Left State Councillor
- In office 7 January 1468 – 12 April 1468
- Preceded by: Cho Sŏngmun
- Succeeded by: Pak Wŏnhyŏng

Personal details
- Born: 1415 Hwaseong, Gyeonggi Province, Joseon
- Died: 1472 (aged 56–57)

Korean name
- Hangul: 홍달손
- Hanja: 洪達孫
- RR: Hong Dalson
- MR: Hong Talson

Courtesy name
- Hangul: 가칙
- Hanja: 可則
- RR: Gachik
- MR: Kach'ik

Posthumous name
- Hangul: 안무
- Hanja: 安武
- RR: Anmu
- MR: Anmu

= Hong Talson =

Joseon politician (1420–1472)

Hong Talson (1415 – 25 November 1472) was a politician and soldier of the Joseon period of Korea. His courtesy name was Kach'ik. He was part of the plots which instated King Sejo on his throne. As a result, he was nominated as the #10 in the 1st rank merit subject of 1453 and the #10 in the 2nd rank merit subject of 1455, with the title Prince Namyang.

In 1459, he was promoted to Internal Prince Namyang 남양부원군 南陽府院君. Under Sejo, Yejong and Seongjong, he occupied many governmental posts, Left State Councilor among them (1467–1472).

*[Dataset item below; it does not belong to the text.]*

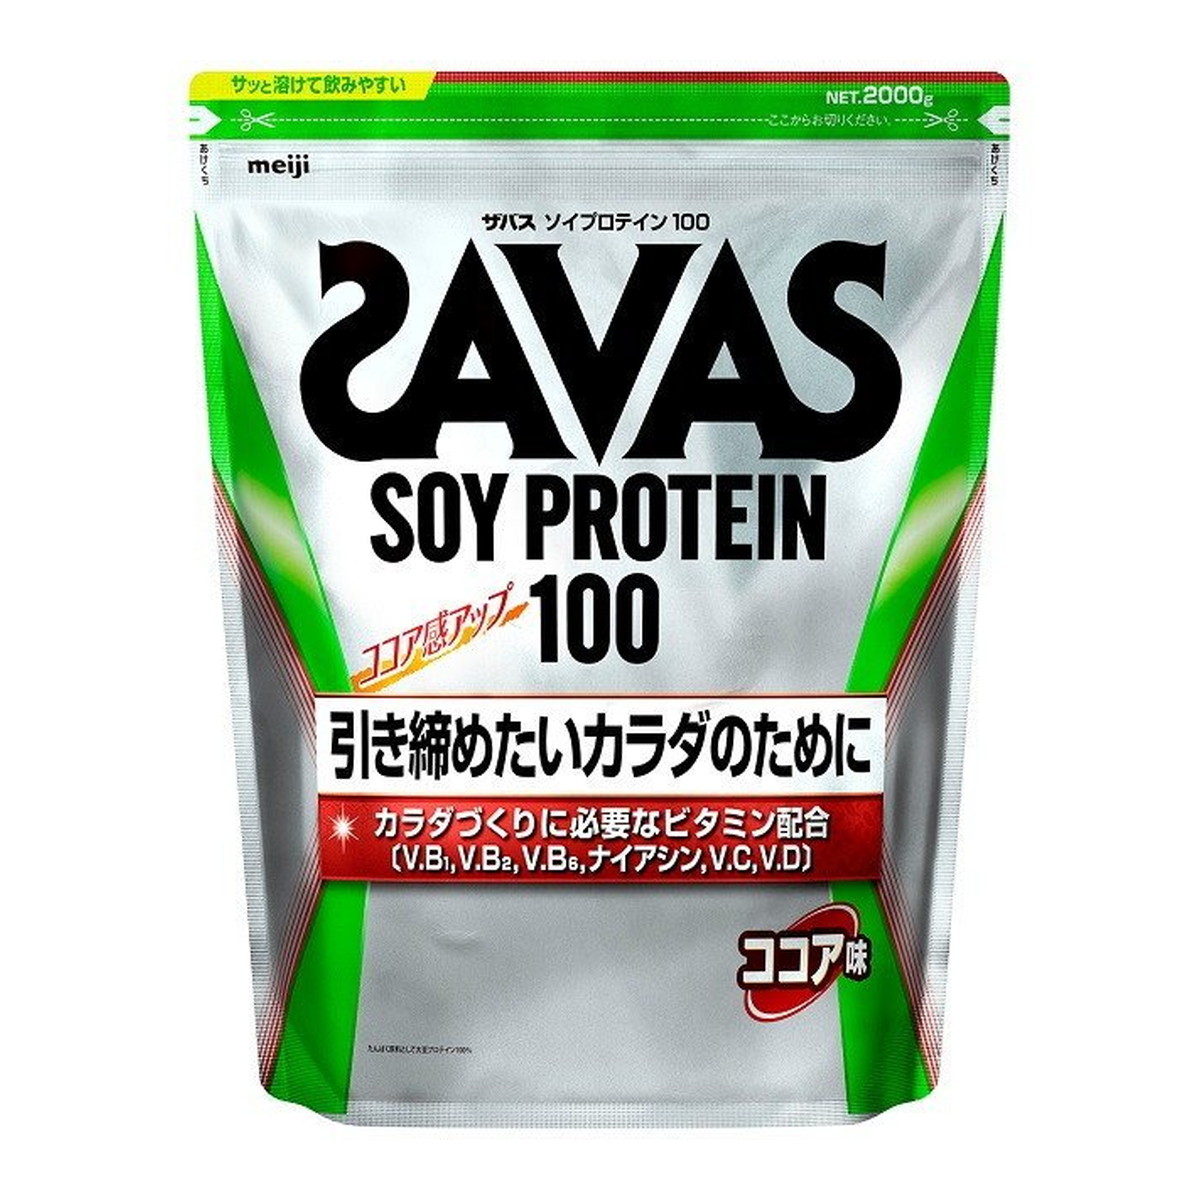 ザバス ソイプロテイン100 ココア味 2000g SAVAS プロテイン  女性 ダイエット 植物性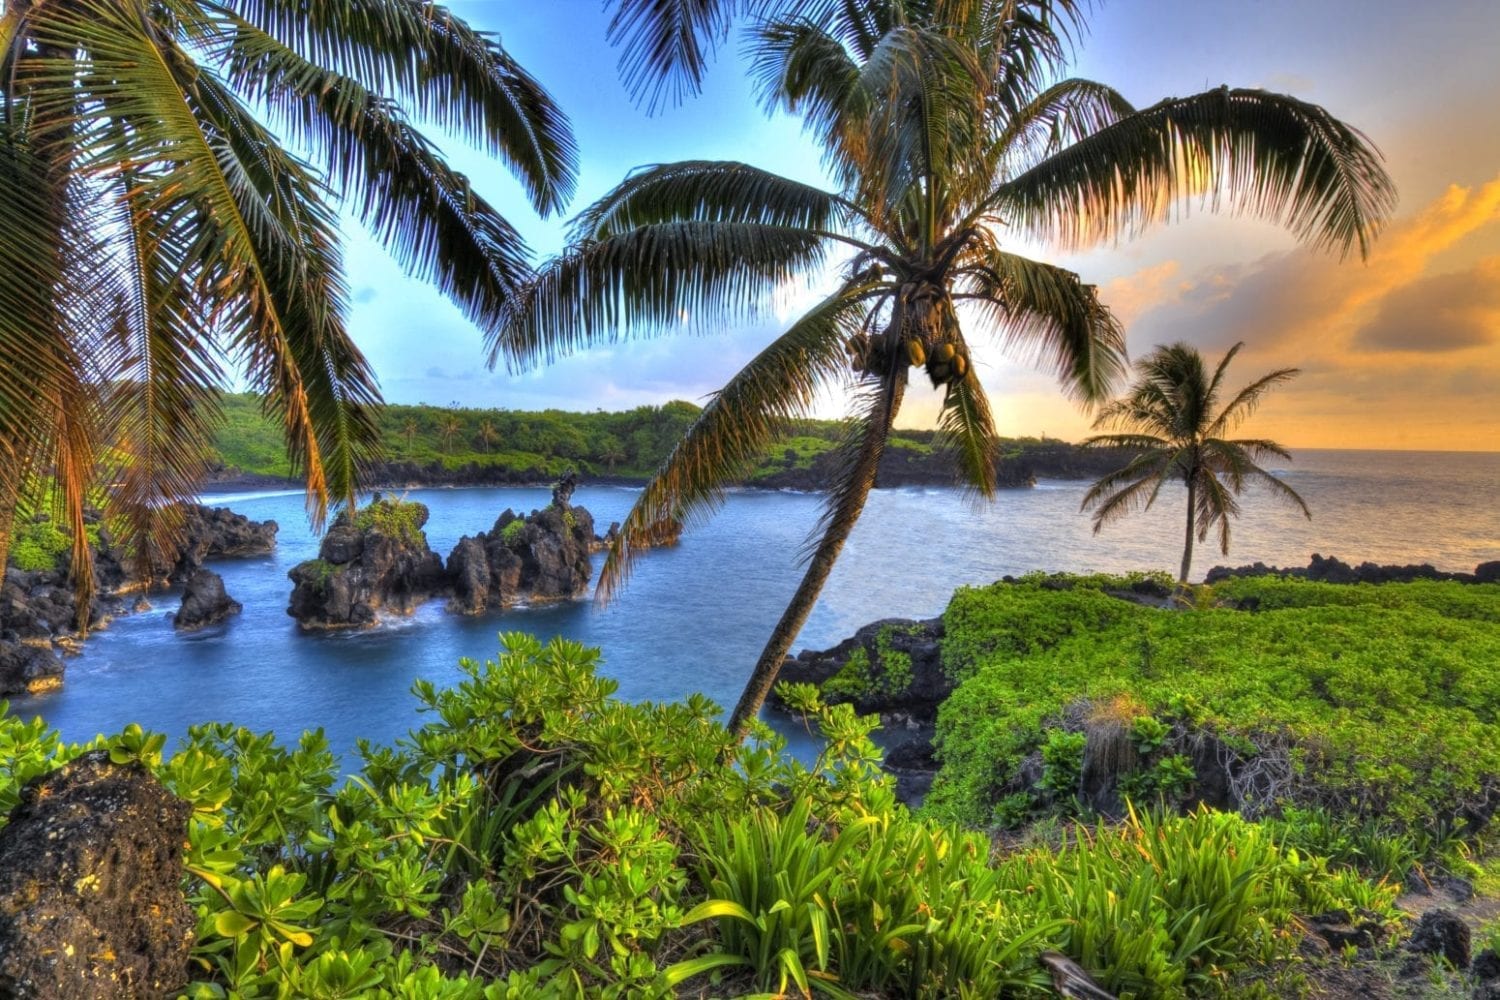 Waianapanapa Hana Maui - coconut laden palm trees above a crystal blue bay

Hong came from the Namyang Hong clan of the Dang lineage.

== Family ==
- Father - Hong Ch'i (1395–?)
- Mother - Lady Yi of the Gongju Yi clan (1410–?)
Sibling(s)
- Older sister - Lady Hong of the Namyang Hong clan (1417–?)
- Younger sister - Lady Hong of the Namyang Hong clan (1427–?)
- Younger brother - Hong Kwison (1430–?)
- Younger sister - Lady Hong of the Namyang Hong clan (1432–?)
- Younger sister - Lady Hong of the Namyang Hong clan (1434–?)
- Younger brother - Hong Sunson (1440–?)
- Wife and children
  - Lady An (1422 – 28 March 1477); married in 1444
    - Son - Hong Pyŏn (1451–?)
    - Son - Hong Hŭn (1452–?)
    - Daughter - Lady Hong of the Namyang Hong clan (1453–?)